T-Mobile presents a compelling long opportunity based on its current technical setup and strong financial performance. The potential for an upside move towards $185 in the short term and $195 in the medium term makes it an attractive candidate for bullish traders. However, always keep a keen eye on market conditions and adjust your trading strategy accordingly.
Short-Term (1-2 Weeks)
Price Target: $185
Strategy: Long
With the current consolidation phase and bullish indicators, a long position appears favorable.

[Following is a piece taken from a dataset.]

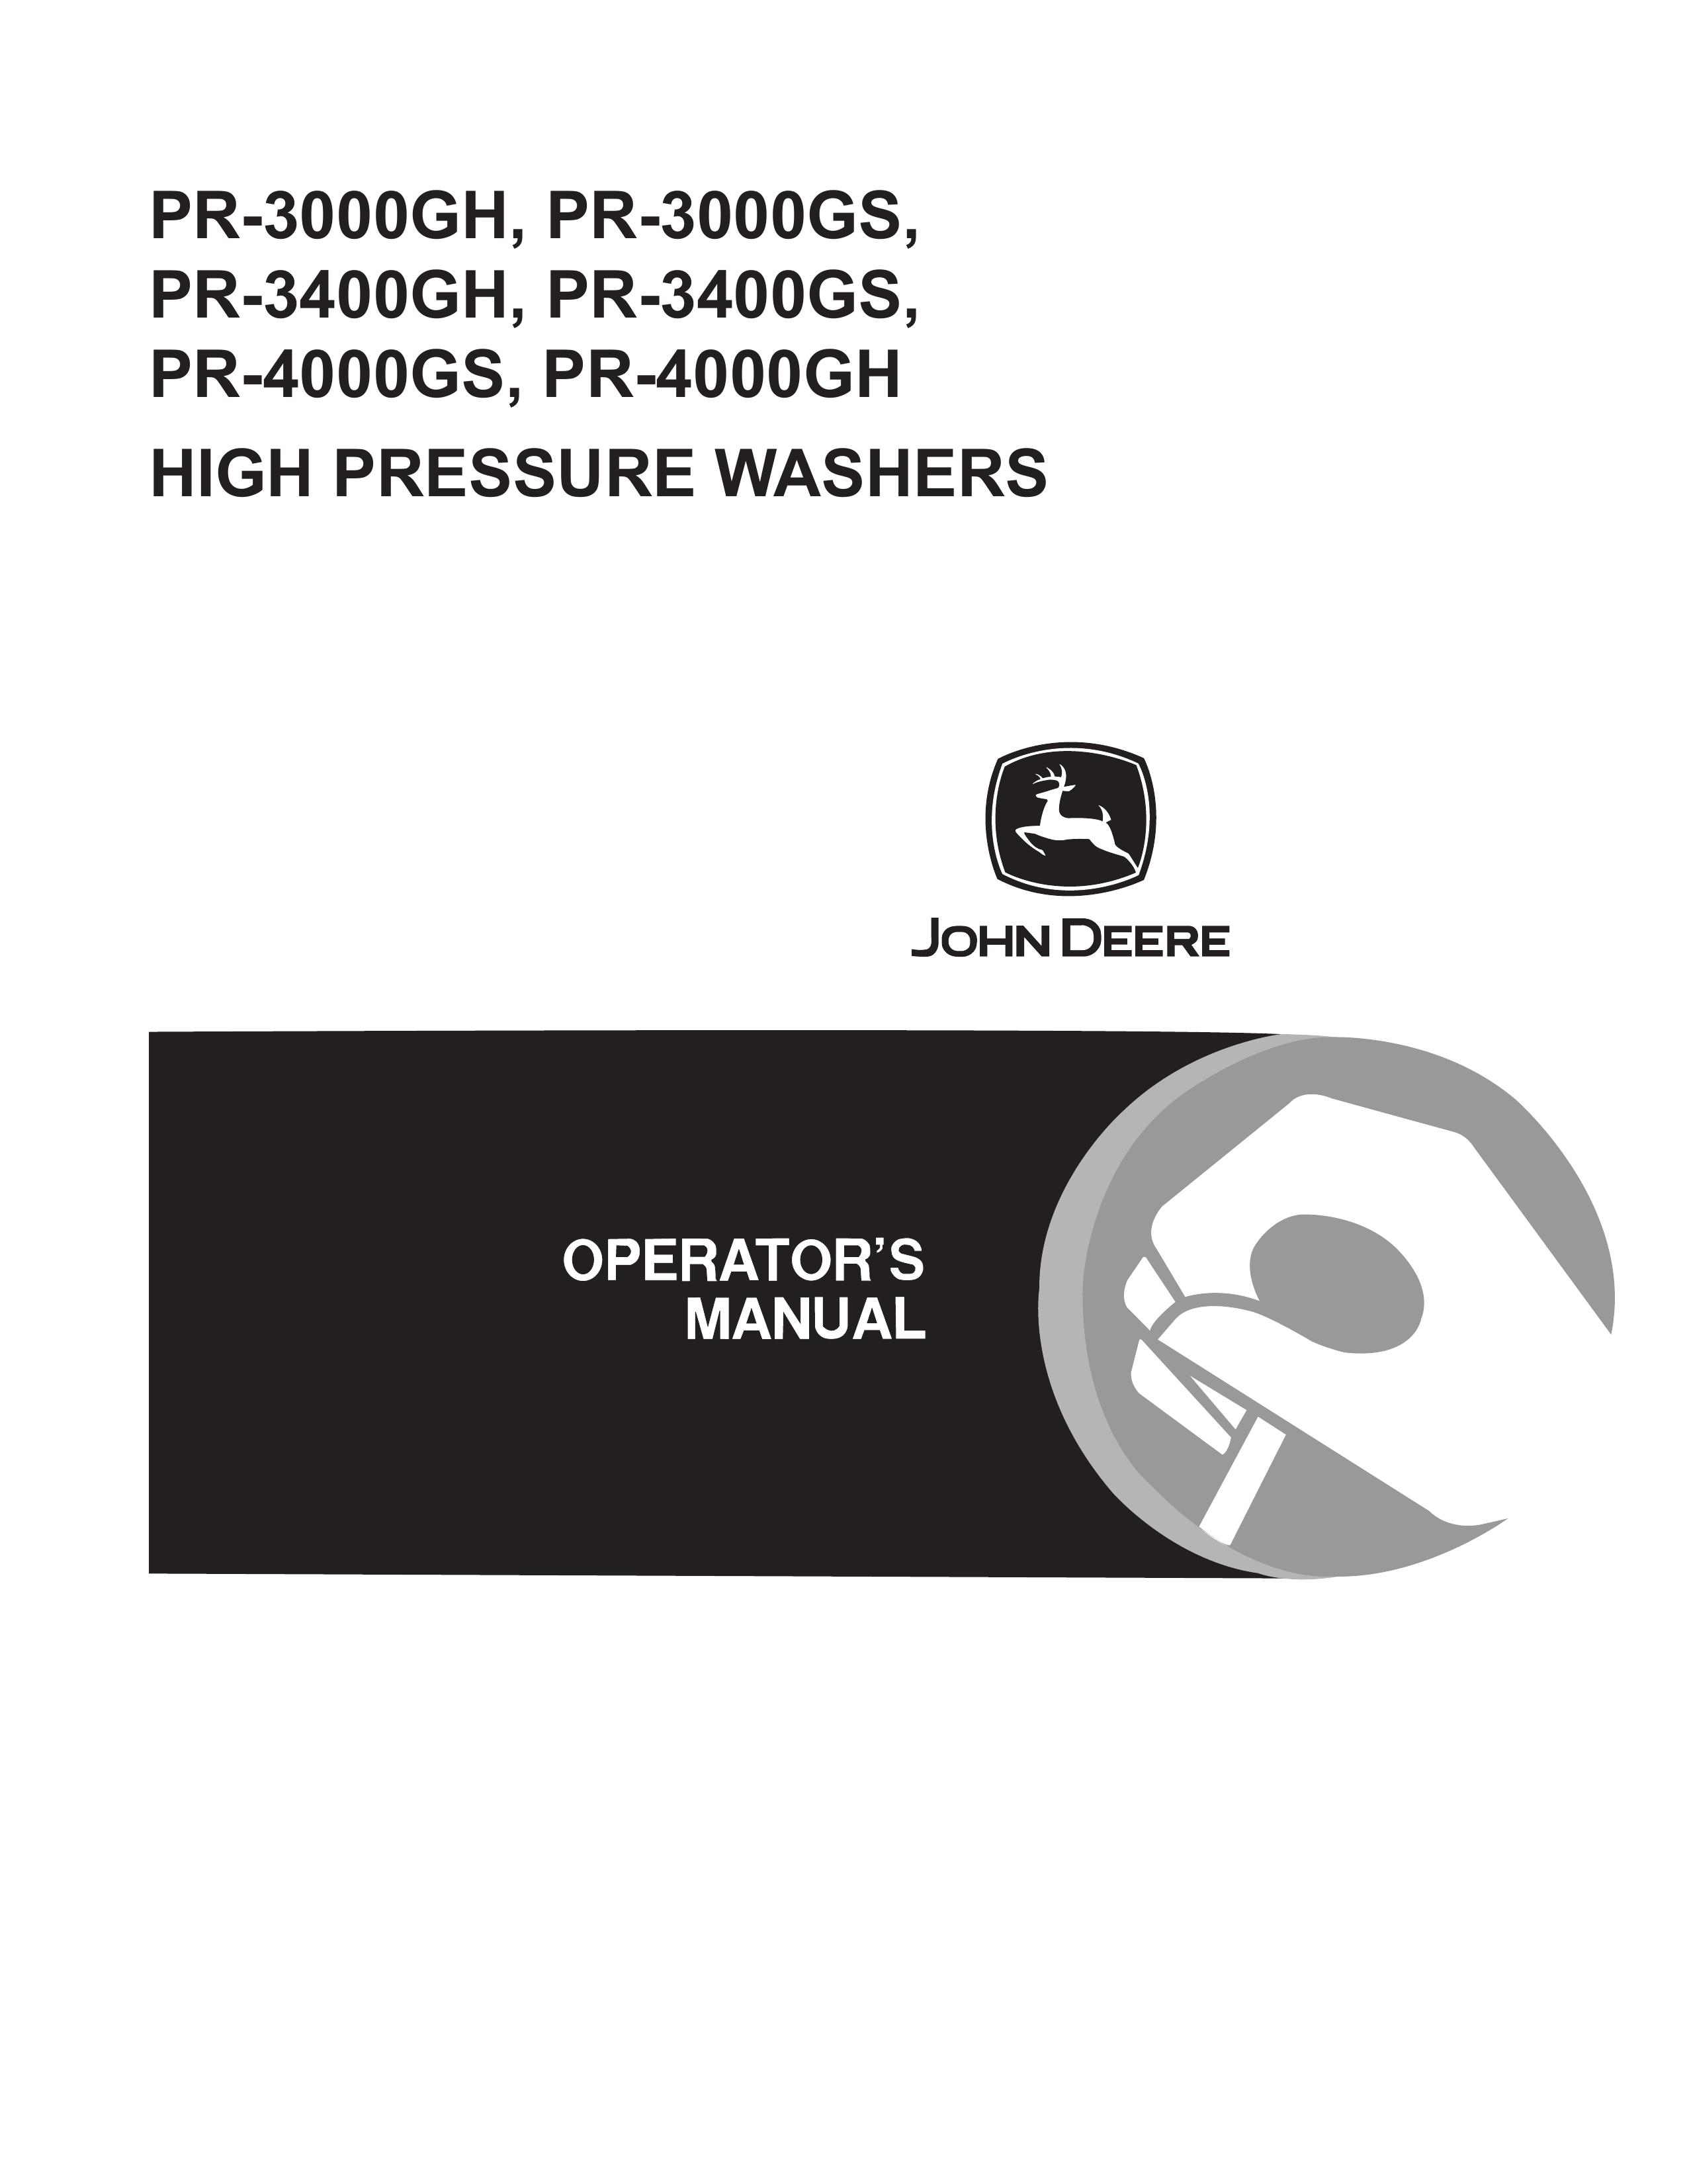 John Deere PR-4000GS Pressure Washer User Manual
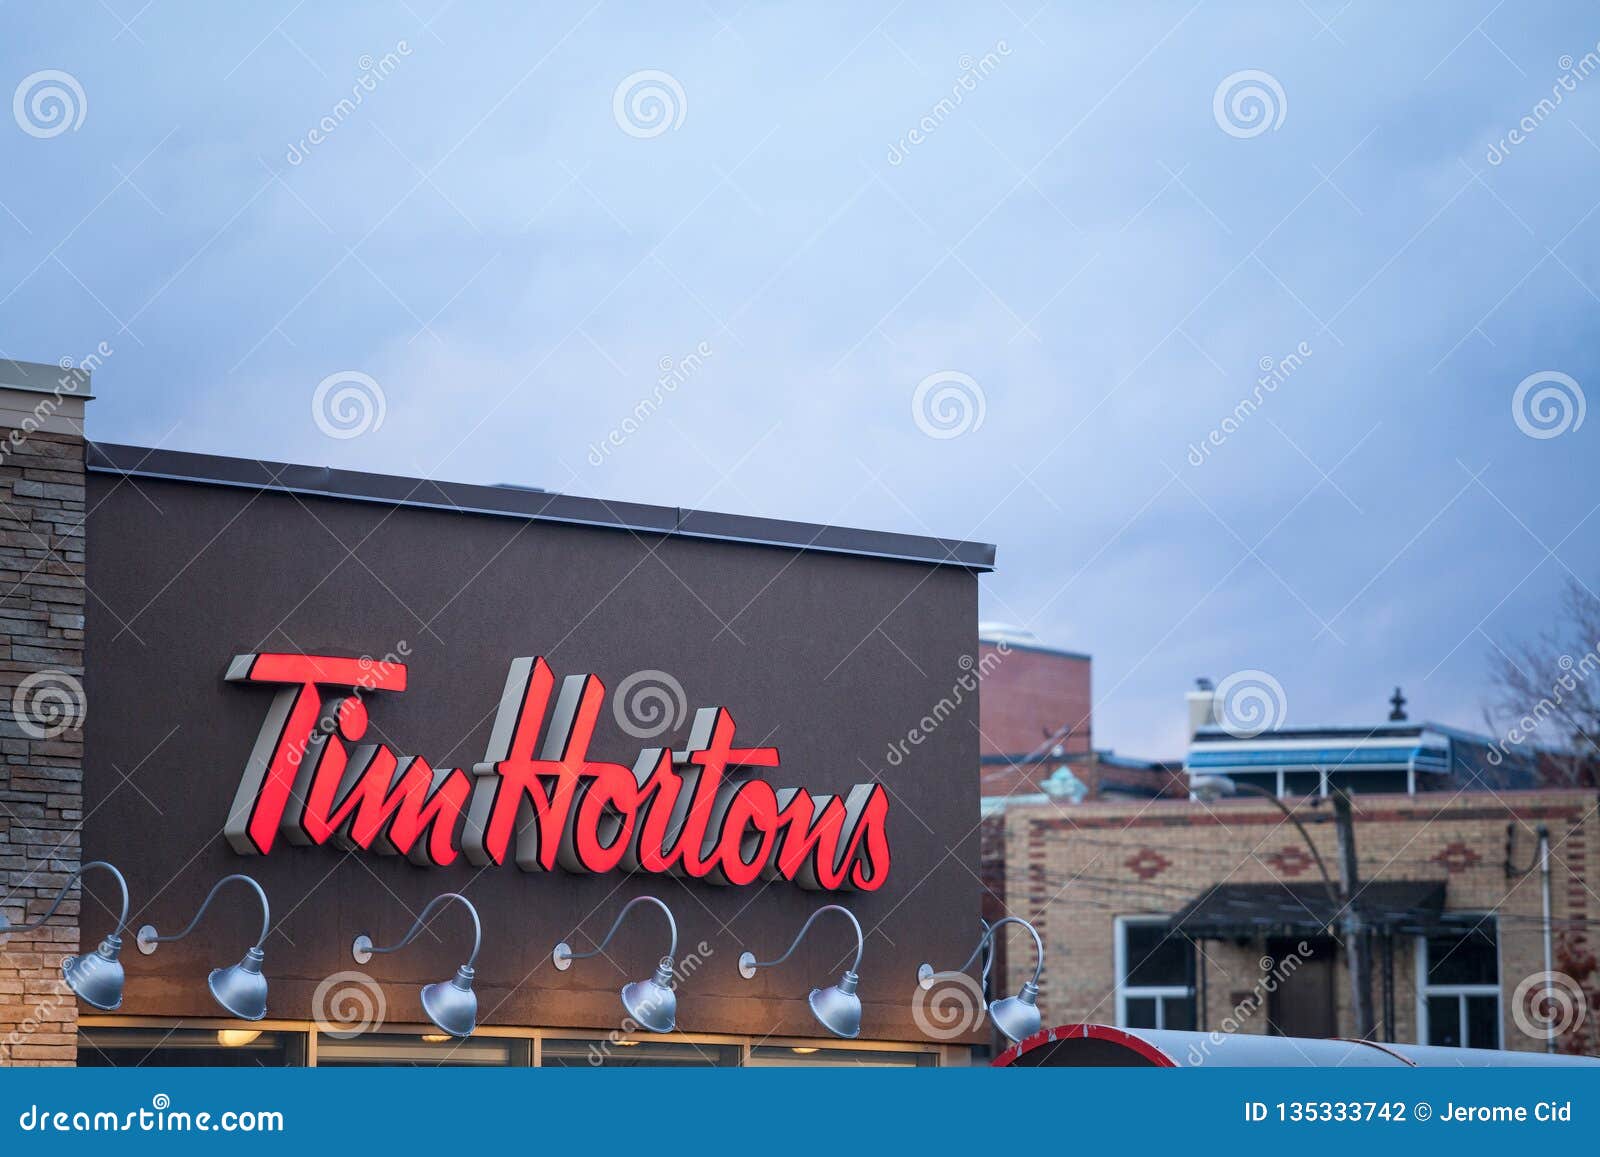 Tim Hortons Logo Framme Av En Av Deras Restauranger I Montreal Quebec

Enter at the current price of $177.42, with a stop-loss set at $172. This stop-loss is strategically placed just below the Ichimoku Base Line and the 20-day EMA, providing a safety net against potential downside volatility.
Medium-Term (1-3 Months)
Price Target: $195
Strategy: Long
Assuming the stock breaks above the $180 resistance level convincingly, the next target would be $195. Maintain the stop-loss at $172 initially, and trail it upwards as the stock moves in your favor, adjusting it to just below key support levels indicated by the moving averages.
Short Position Consideration
When to Short: If the stock fails to sustain above $175 and breaks below the Ichimoku Cloud support around $172, consider shorting with a target of $165 and a stop-loss at $177. This scenario would be driven by a broader market downturn or negative company-specific news.